Fitch lowered the country’s long-term foreign-currency debt assessment to BB+, one level below investment grade, from BBB-, and its local currency rating to BBB- from BBB, the company said today in an e-mailed statement from London. The outlook on the ratings is stable. The move leaves Croatia on par with Portugal and Hungary.
“A structurally weak growth outlook has impaired the prospects for fiscal consolidation and the attainment of public debt sustainability,” Fitch said in the statement. “Measures to clamp down on tax evasion and improve compliance have borne fruit, but revenues have fallen this year, whilst pressures continue to build on the expenditure side.”

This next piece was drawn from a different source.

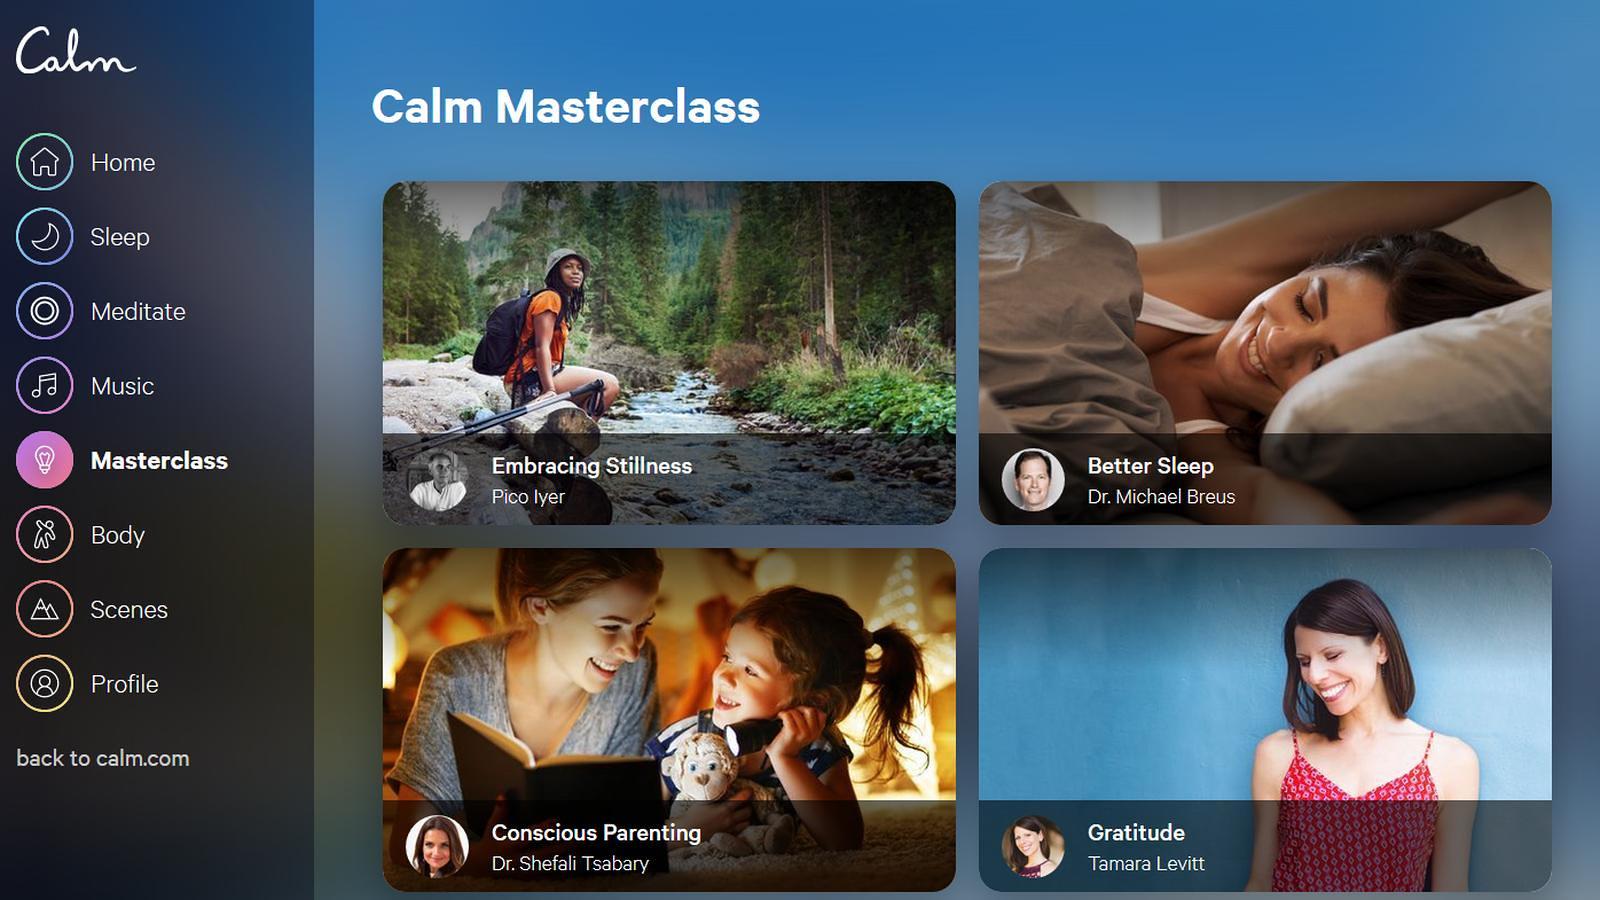 Calm - Masterclass

The government of the former Yugoslav nation, which became the EU’s 28th member in July, is struggling to keep public finances in check after the economy shrank more than 10 percent since 2008, during which time foreign direct investment has plunged 80 percent. Gross domestic product will fall 0.9 percent in 2013, Fitch predicted, lowering a previous forecast of 0.3 percent.
The yield on Croatia’s 2023 dollar bond rose to 5.646 percent from 5.559 percent at 7:10 p.m. in Zagreb, snapping a six-day decline. The kuna weakened 0.1 percent against the euro to 7.6131.
The economy, which hasn’t posted growth since 2008, shrank 0.7 percent in the second quarter from a year earlier as declines in investment and consumption persisted. GDP will grow 0.7 percent this year, the government predicted in February, trimming a previous 1.8 percent forecast. That compares with the European Commission’s projection of 1 percent contraction.
“Failure of the economy to recover would put further strains on the public finances and could lead to negative rating action,” Fitch said. “Conversely, restoring economic growth and anchoring fiscal policy would be rating positive. Structural reforms could improve potential growth over the medium term.”
Fitch, which followed Standard & Poor’s and Moody’s Investors Service in downgrading Croatian debt to junk, raised its 2013 budget-gap forecast to 4.7 percent of economic output from 3.9 percent and said public debt will peak at 66 percent of GDP in 2016 rather than 62 percent.
The deficit will widen to 4.7 percent his year and to 5.6 percent in 2014 from 2.4 percent in 2012, the commission forecasts.
“Failure to implement a credible medium term fiscal consolidation strategy would further impair public debt sustainability,” Fitch said. “This would ultimately lead to a further negative rating action. By contrast, greater progress on fiscal reform and deficit-reduction would put positive pressure on the rating over the medium term.”